**Exercise requirements**
Given the records underneath, please repeat exactly the lines from the line with "HAZET Reifen- und Montagehebel 653" through the line with "שחור אוטומטי רכב", passing over any picture.

*** Entries shown ***

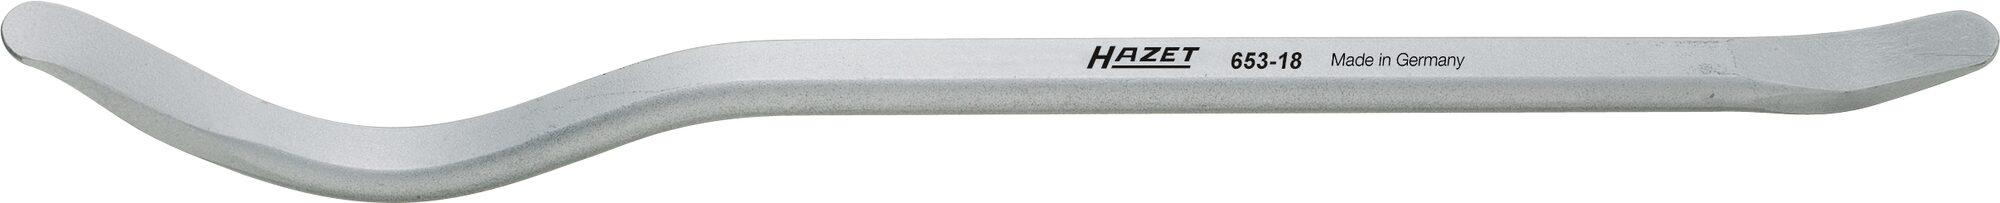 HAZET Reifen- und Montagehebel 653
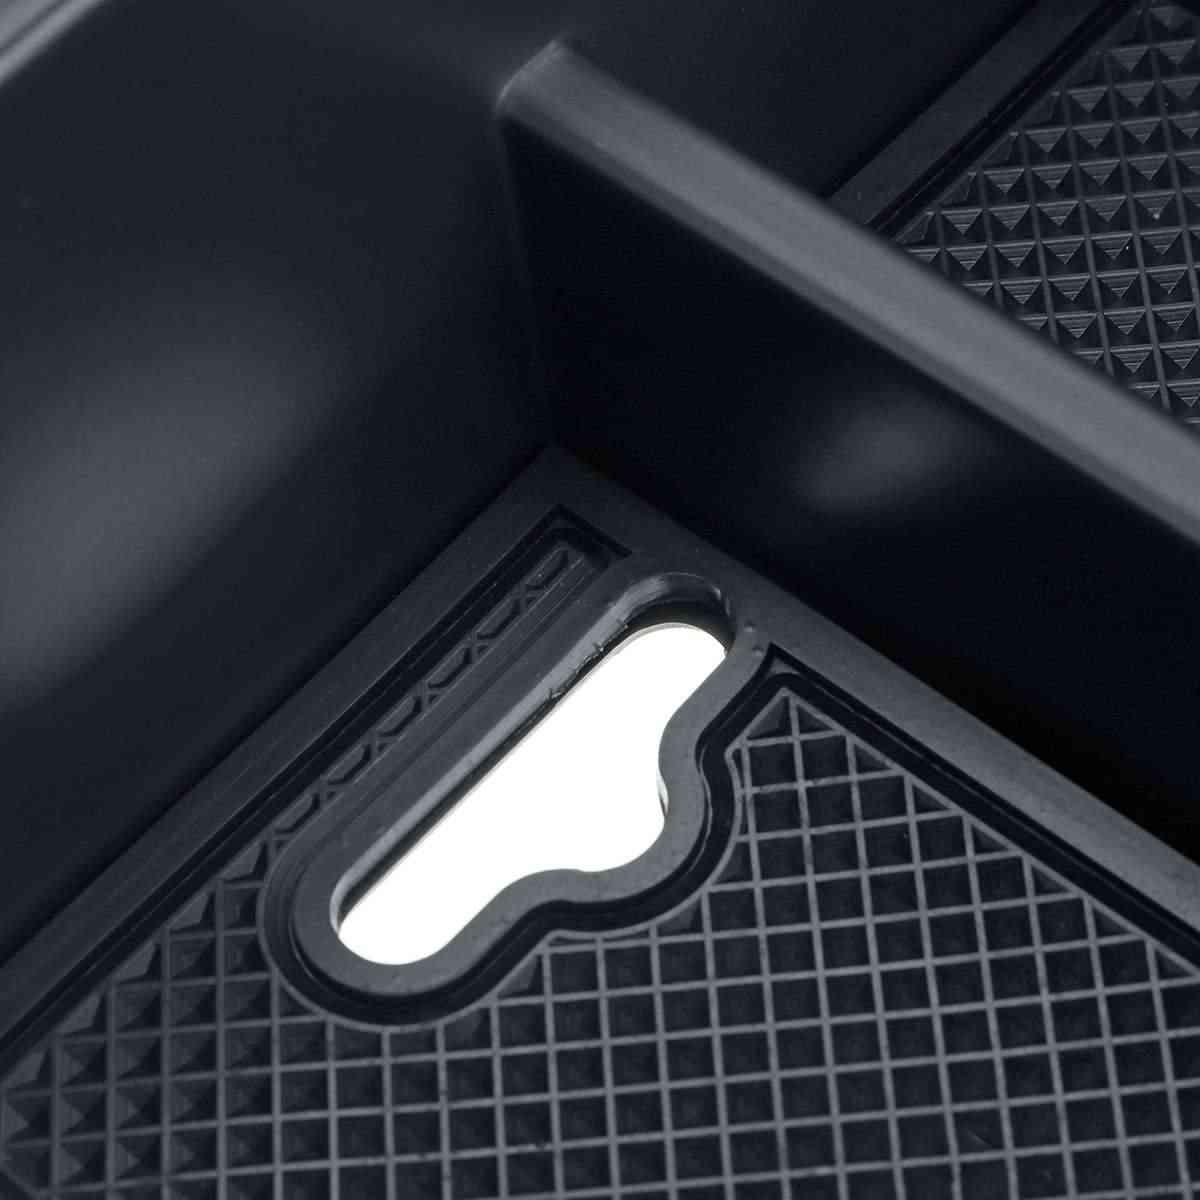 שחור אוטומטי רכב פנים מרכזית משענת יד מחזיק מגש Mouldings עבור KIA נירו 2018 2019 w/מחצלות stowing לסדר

***
*** Entries shown ***

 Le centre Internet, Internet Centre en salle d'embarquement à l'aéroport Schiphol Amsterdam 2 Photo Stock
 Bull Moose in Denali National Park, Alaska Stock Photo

***

**Task solution**
 HAZET Reifen- und Montagehebel 653
 שחור אוטומטי רכב פנים מרכזית משענת יד מחזיק מגש Mouldings עבור KIA נירו 2018 2019 w/מחצלות stowing לסדר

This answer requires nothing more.